In addition to the concept of waiver, 'fork-in-the-road' clauses in bilateral investment treaties compel the claimant or investor to choose between pursuing its claims against the respondent or state either through the investor–state arbitration proceedings (as per the relevant treaty) or via local courts (or other venues as may be applicable under the relevant contractual mechanisms or the applicable law).

The intent behind a fork-in-the-road provision is to prevent the duplication of procedures and claims that trigger the risk of inconsistent outcome. As the tribunal in Supervision y Control v. Costa Rica9 stated, 'the existence of national courts and international arbitration as mechanisms for resolving disputes can generate a significant risk of duplication and a problem in determining what is the proper dispute resolution mechanisms for disputes that may arise during the investment period'. And as the provision requires a claimant or investor to opt between different jurisdictional systems before commencing or continuing the investor–state claim, making the ultimate choice under the provision creates a legal effect whereby the investor is deemed to have irrevocably chosen one dispute resolution forum over the other. The choice thereafter prevents the claimant or investor from conducting parallel proceedings in conjunction with the dispute resolution mechanism it has elected.

In Seo v. the Republic of Korea,10 the respondent state alluded to the applicability of the fork-in-the-road provision11 as an issue of jurisdiction and admissibility. There, the respondent or investor asserted that because the claimant or alleged investor submitted her claim before the domestic court and the administrative committee overseeing expropriation claims, the fork-in-the road provision (Annex 11 E of the treaty) barred the claimant from bringing her investor–state dispute claim before the arbitral tribunal. The respondent or state further submitted that the claimant would also be prevented from bringing the claim before the arbitral tribunal as the claim had the same fundamental basis as the proceedings that had been adjudicated before the Seoul Western District Court and the administrative committee. While the ruling by the tribunal to summarily dismiss the claim was grounded on the fact the alleged investor did not engage in an act commensurate with an investment falling under the purview of the treaty (i.e., lack of jurisdiction), the respondent or state's objection based on the fork-in-the road illustrates the relevance of the provision in forming a basis to challenge jurisdiction.

It may also be worth noting that in applying the fork-in-the road provision, arbitral tribunals often consider a strict set of standards referred to as a triple identity test. Under these standards, the fork-in-the road provisions in the respective investment treaty would deploy its effects and prevent parallel proceedings only if the application brought before the domestic jurisdiction and before the arbitral tribunal is identical in at least three key aspects: the same object, the same cause of action and the identical parties to the dispute.

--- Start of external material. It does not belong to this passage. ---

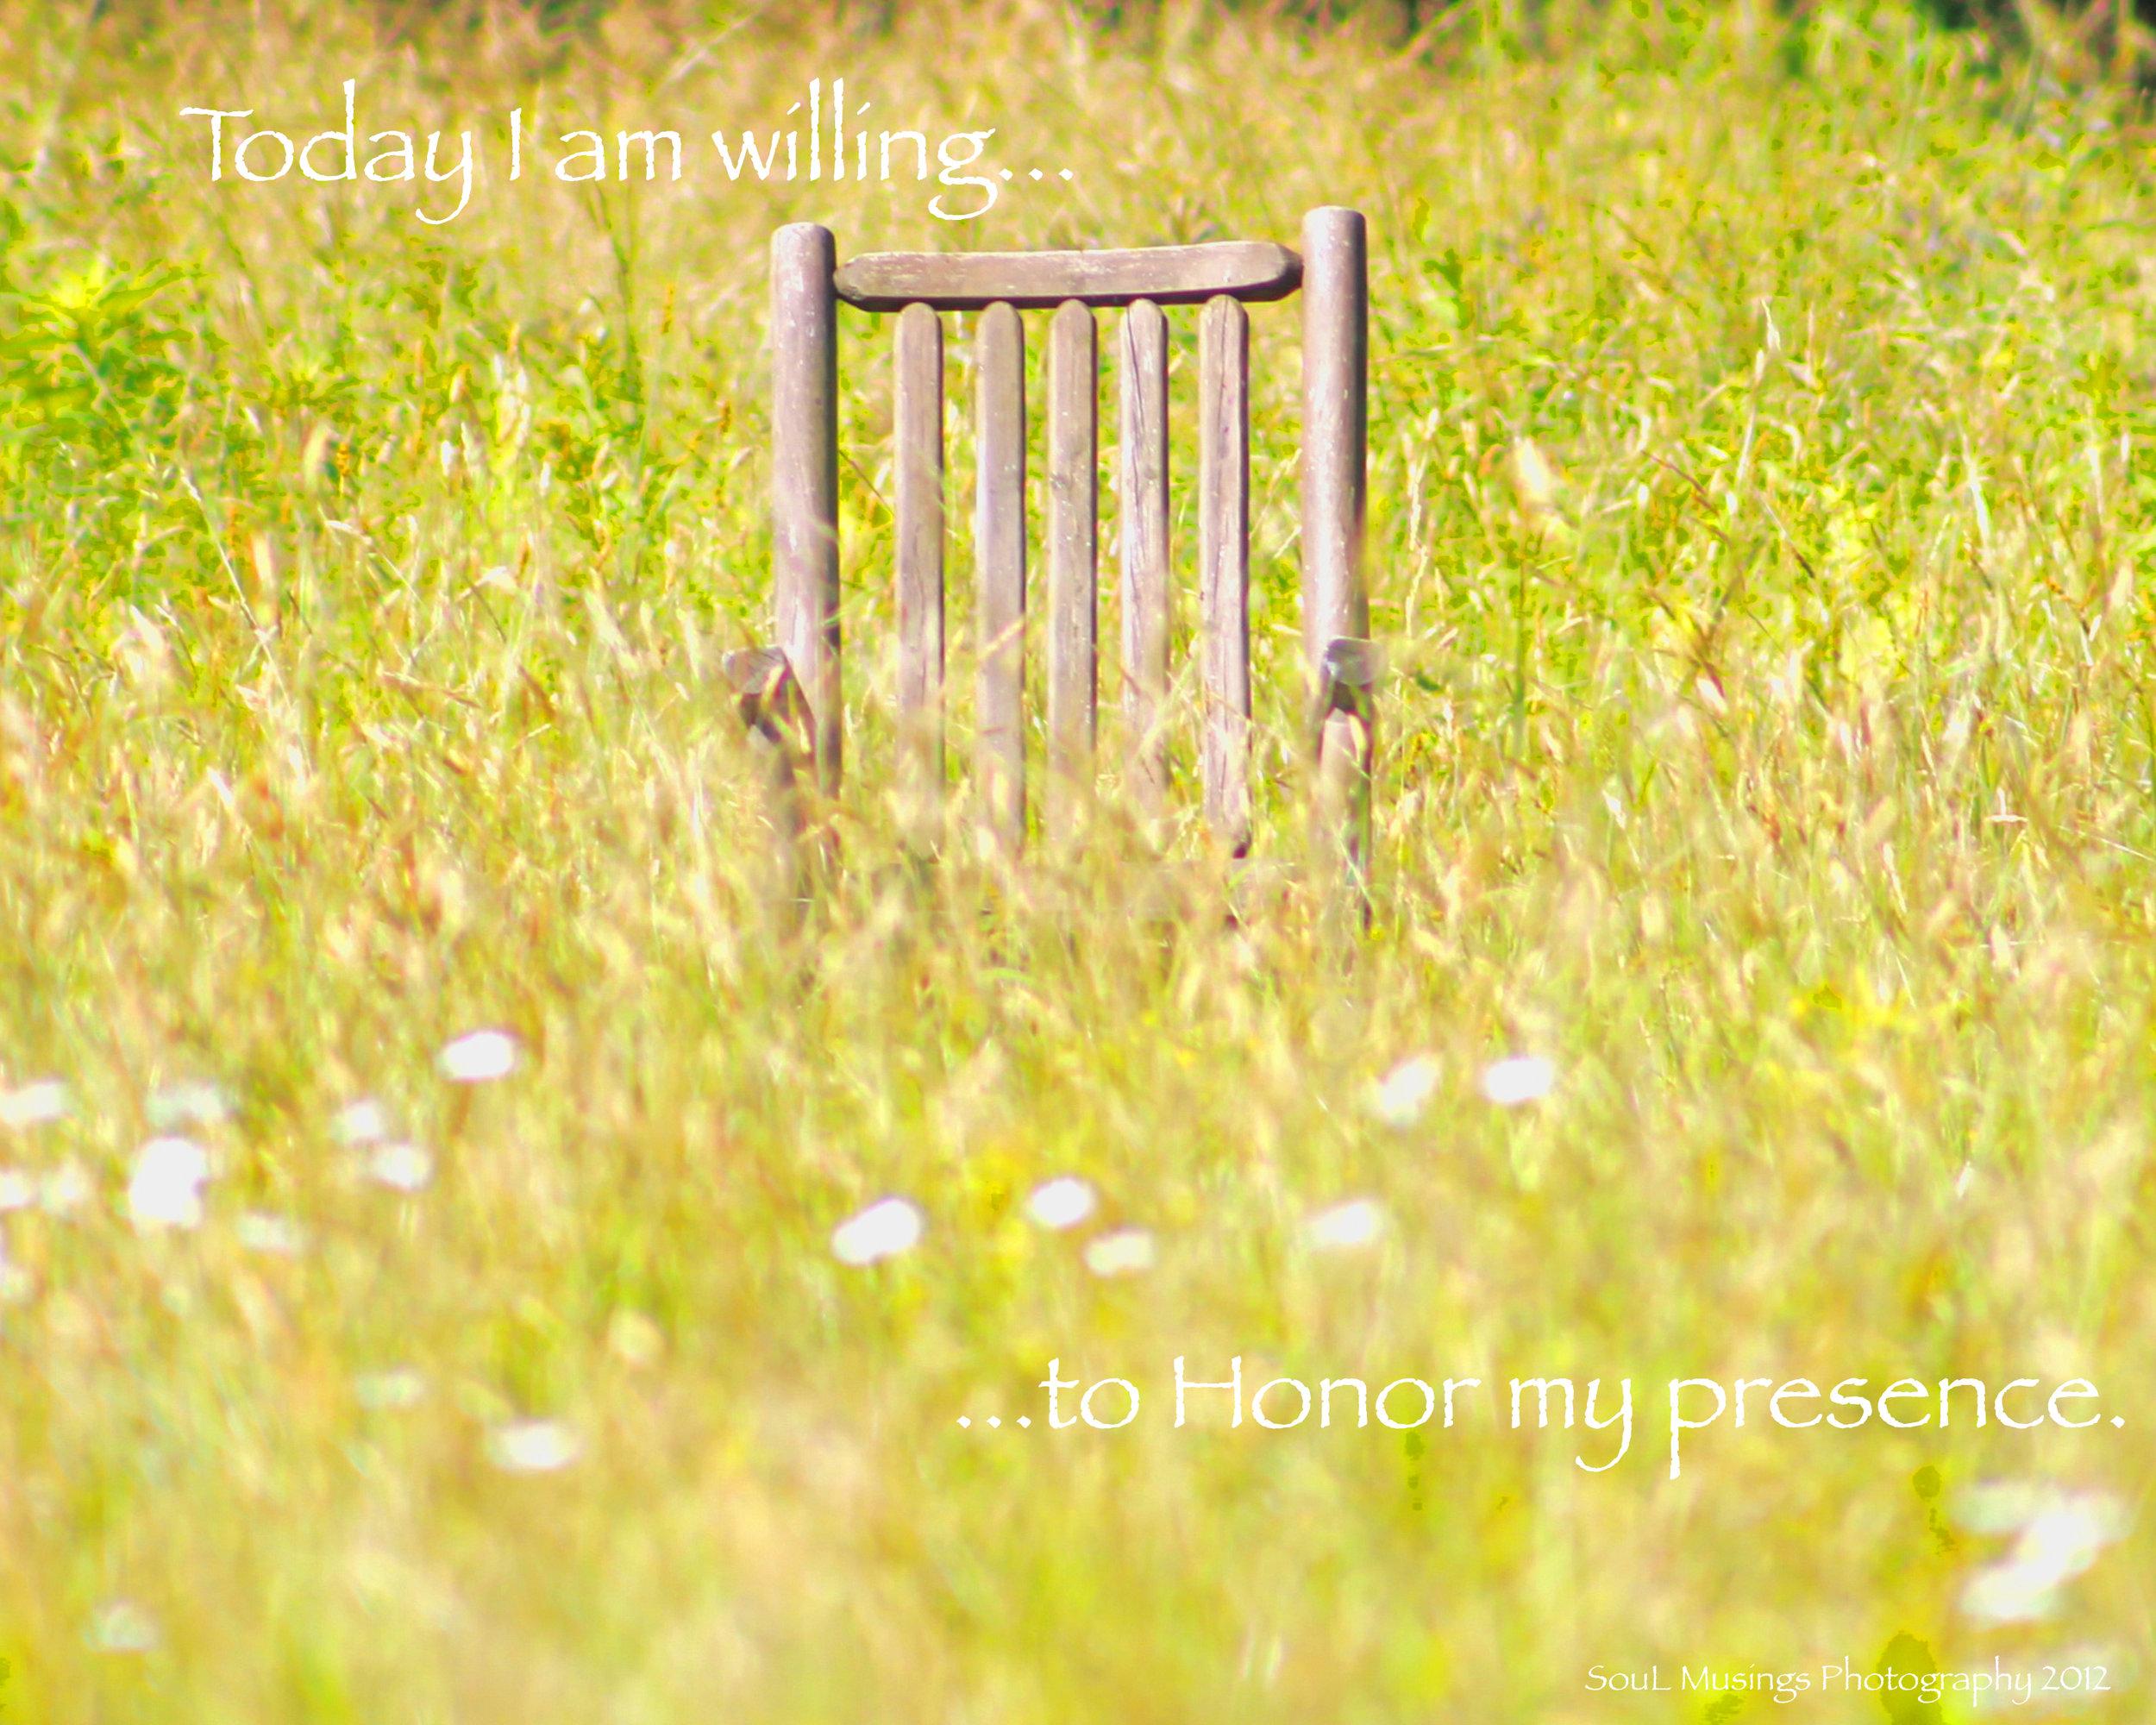 Chair in the field_Presence.jpg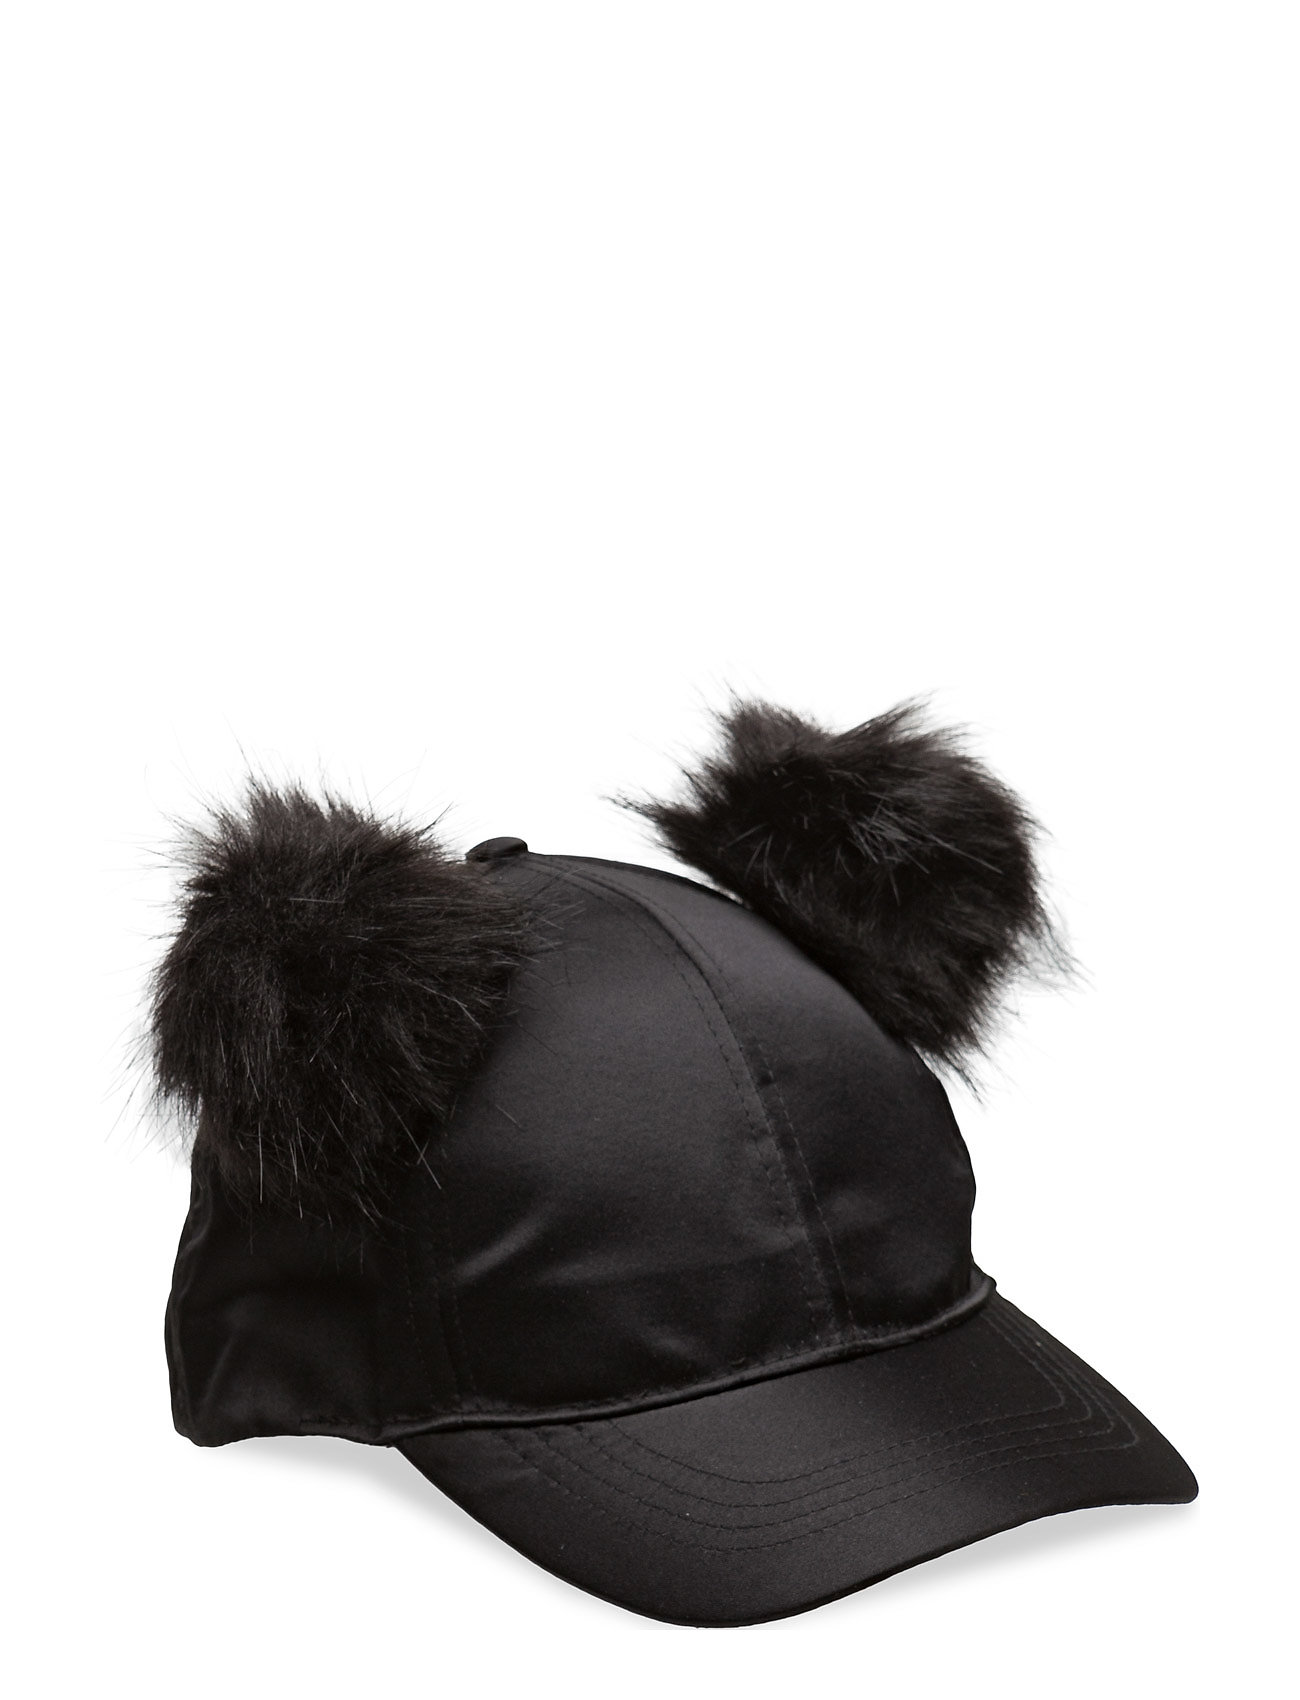 name it Nitkimbali fur cap f nmt på boozt.com dk

Whether the strict threshold in determining the applicability of the fork-in-the road cause is well warranted has long been in dispute. In Khan Resources v. Mongolia,12 for instance, the respondent or state asserted that the triple identity test was unrealistically onerous and lacked practical value as 'it is unrealistic to expect all three prongs of the test to be satisfied' in most of the disputes. In turn, the arbitral tribunal acknowledged that the triple identity test imposed standards that were stringent for certain intents and purposes. The tribunal further observed that the requirements of triggering the fork-in-the-road provision should remain difficult to satisfy given the chilling effect it could have

on the submission of disputes by investors to domestic fora, even when the issues at stake are clearly within the domain of local law. This may cause claims being brought to international arbitration before they are ripe on the merits, simply because the investor is afraid that by submitting the existing dispute to local courts or tribunals, it will forgo its right to later make any claims related to the same investment before an international arbitral tribunal.13

The strict interpretation of the fork-in-the-road clause has also been observed in Toto Costruzioni v. Lebanon.14 There, the respondent (Lebanon) asserted the fork-in-the-road provision in the applicable investment treaty led to the conclusion that the claimant (Toto)'s application to seek remedies in domestic proceedings estopped the arbitral tribunal from exercising its jurisdiction over the investment treaty claims by the claimant (Toto). However, the tribunal ultimately rejected Lebanon's interpretation of the fork-in-the-road clause and reinforced the distinction between the causes of action. The reasoning behind the rejection highlighted the predominant jurisprudence on point:

[i]n order for a fork-in-the-road clause to preclude claims from being considered by the Tribunal, the Tribunal has to consider whether the same claim is 'on a different road,' i.e. that a claim with the same object, parties and cause of action, is already brought before a different judicial forum. Contractual claims arising out of the Contract do not have the same cause of action as Treaty claims.15

On the other hand, some arbitral tribunals have raised the possibility that the triple identity test is not relevant, especially where the relevant investment treaty does not expressly require it. In H&H Enterprises Investments v. Egypt, the arbitral tribunal held that the relevant clause in:

Article VII of the US–Egypt BIT does not expressly require that the triple identity test be met before the fork-in-the-road provision can be invoked. The triple identity test raised by the Claimant in this case is based on its reading of arbitral jurisprudence as opposed to the specific language of the US–Egypt BIT or its interpretation.16

The arbitral tribunal further stipulated that:

the triple identity test is not the relevant test as it would defeat the purpose of Article VII of the US–Egypt BIT, which is to ensure that the same dispute is not litigated before different fora. It would also deprive Article VII from any practical meaning. The Tribunal notes that the triple identity test originates from the doctrine of res judicata. However, investment arbitration proceedings and local court proceedings are often not only based on different causes of action but also involve different parties. More importantly, the language of Article VII does not require specifically that the parties be the same, but rather that the dispute at hand not be submitted to other dispute resolution procedures; what matters therefore is the subject matter of the dispute rather than whether the parties are exactly the same. Finally, and in any event, it would defeat the purpose of the Treaty and allow form to prevail over substance if the respondents were required to be strictly the same because in practice, local court proceedings are often brought against state instrumentalities having a separate legal personality and not the state itself.17

The dichotomy between the different legal standards for interpreting the fork-in-the-road clause –and the application of each test remains to be seen, while the fundamental basis test may allow a comparatively more substantive approach to assessing the applicability of the fork-in-the-road clause as opposed to the strict triple identity test.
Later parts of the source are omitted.